You know those awkward moments when you are walking towards someone and you both are about to bump into each other, so you go one way but the person goes the same way and you end up doing some weird dance with them? I do this all the time, and if you are anything like me, you probably run into this same problem. I’ve found the best way to handle this awkward situation is to turn it into a dance. But every person has a different reaction to almost being bumped into; therefore there is a different dance for every scenario so it is imperative that you pay attention and use with caution.
This dance consists of ballet-like movements and should be used when the person you nearly bump into seems scared. You should be able to sense their fear by the look in their eyes, and their heavy breathing as you both go in the same direction in order to avoid each other. This is when the weave comes in. After the near-hit, you should look at the person, smile and through dance, lead them in the right direction. As you dance, you should imagine yourself as a needle and the other person or people, as fabric. Now seamlessly weave your way in and out of the crowd. Stay on your toes as you weave - not only will this make you look more like a needle, but it will also make you appear non-threatening, relaxed and radiant.

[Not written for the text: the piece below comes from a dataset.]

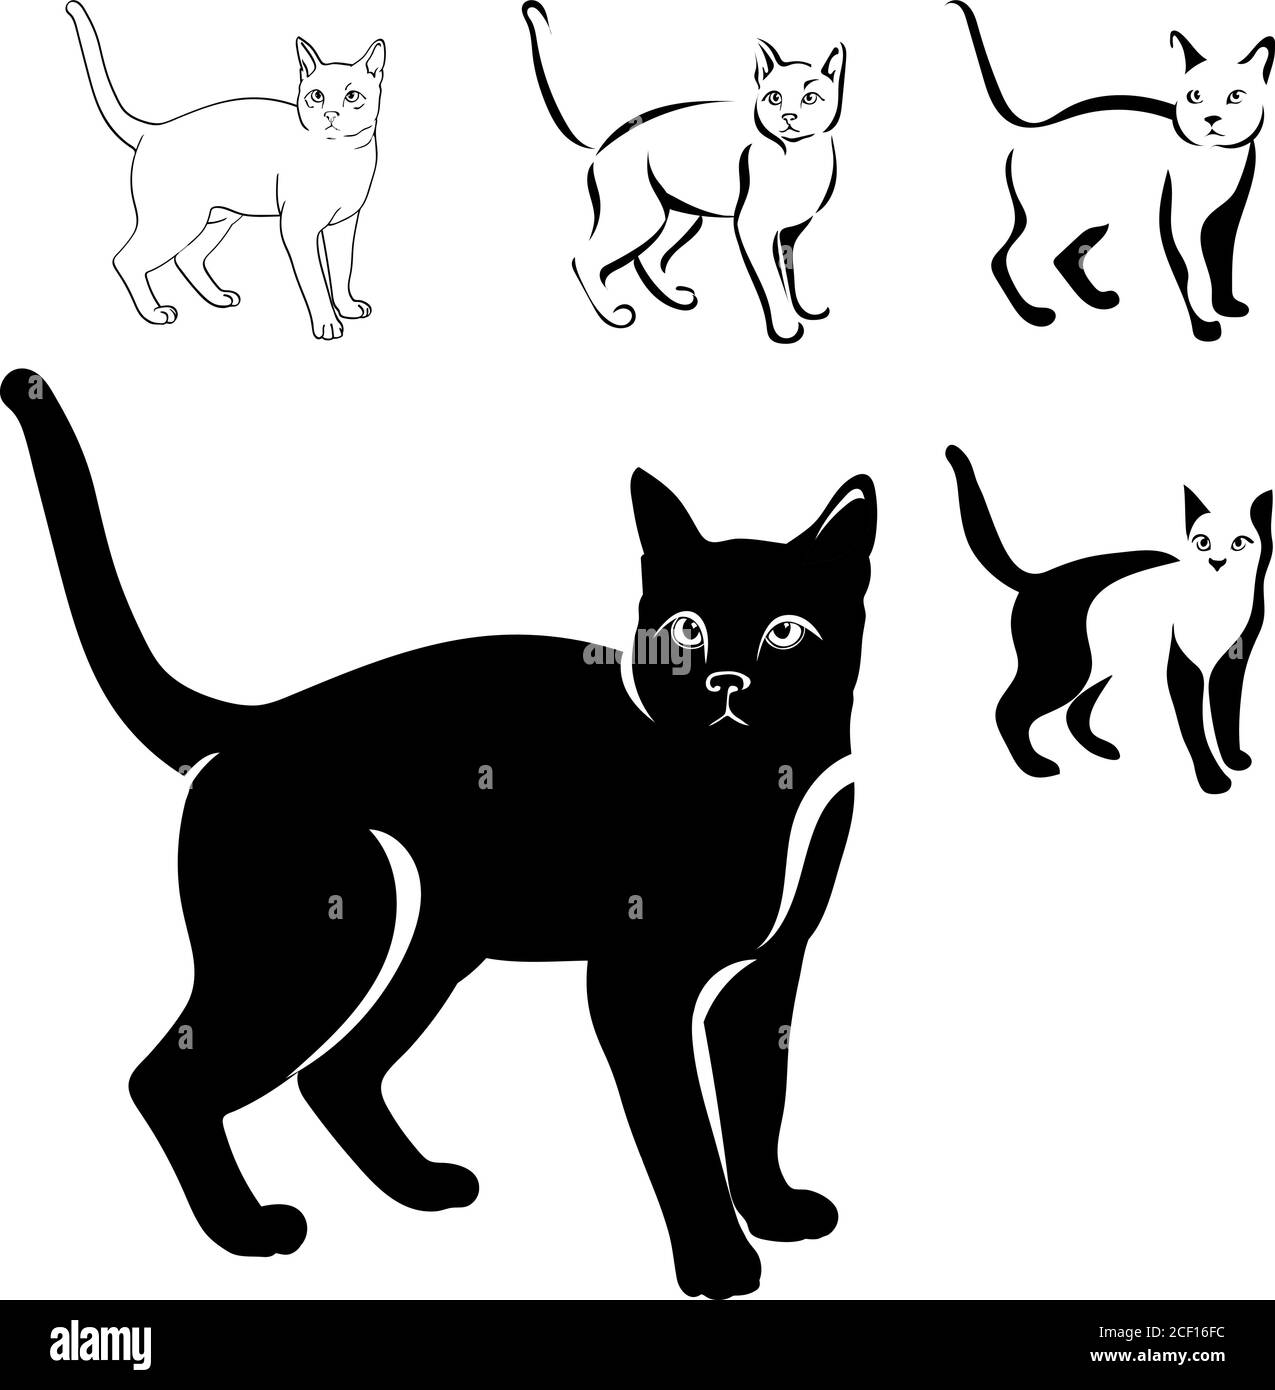 Katzen schwarzes Bild in verschiedenen Positionen, Katze sitzend, liegend, gehend, spielend, Vektor, schwarz, isoliert, weiß, gesetzt, Hintergrund, Umriss, Tier Stock Vektor

Your arms should be the only non-needlelike thing about you. They should stay loose as you move them up and down elegantly, as if you are an angel – a beautiful angel letting this poor scared soul know that you aren’t upset, hurt or annoyed. Mastering this communication, however, takes time and practice and I highly recommend you put in the effort for training. Learning and understanding the weave is not only beneficial to you but also to those around you. The weave, when done at the appropriate time by an experienced weaver, can only be described as graceful, beautiful, and breathtaking.
The Passive-Aggressive Spin:
If the person you nearly bump into seems annoyed, you are going to want to avoid their glare while maintaining your sense of self and communicating to them, “Hey, we both made a mistake. But, I’m going to be the bigger person and I’m going to kind of stand up to you.” In the Passive-Aggressive Spin, facial expression is key. You want to look like you care, but not that much and you don’t want to upset the annoyed person further. So it is crucial that you keep your eyes open and down, your mouth slightly open, your eyebrows up, and your cheekbones sunken in. After you master the face the next thing you want to do is spin. Spinning allows you to hide your face while displaying a sense of anger. Again, you should really practice this move profusely. The facial expression is challenging by itself, but when paired with the spin it gets extremely tricky. If not practiced enough, you may trip, fall or bump into more people and you would never get the respect and honor that come with the mastered Passive-Aggressive Spin.
You should also be careful in correctly identifying the person you almost bump into as annoyed. A scared person’s reaction is dangerously close to an annoyed person reaction and the results of The Passive-Aggressive Spin on a scared person could be catastrophic.
My all time favorite reaction to a near-hit is a laugh and or smile. Not only does this expression let you know that this person isn’t upset, but it also tells you that they are a fun-loving, carefree person and they’ll most likely want to get in on the dance too. So for The Boogie, there’s no set dance, you are free to move however you like. Just try your best to gauge the other person’s dancing ability in comparison to yours. If they seem like an excellent dancer and you’re not so great, don’t try anything complicated because this may cause them to become angry or embarrassed. The same goes for if they seem like a less experienced or enthusiastic dancer.
Although practice is imperative for all of these dance moves, it is also imperative that you practice walking normally. This way you will lessen the amount of time you spend weaving, boogying, and or passive-aggressively spinning your way through a crowd.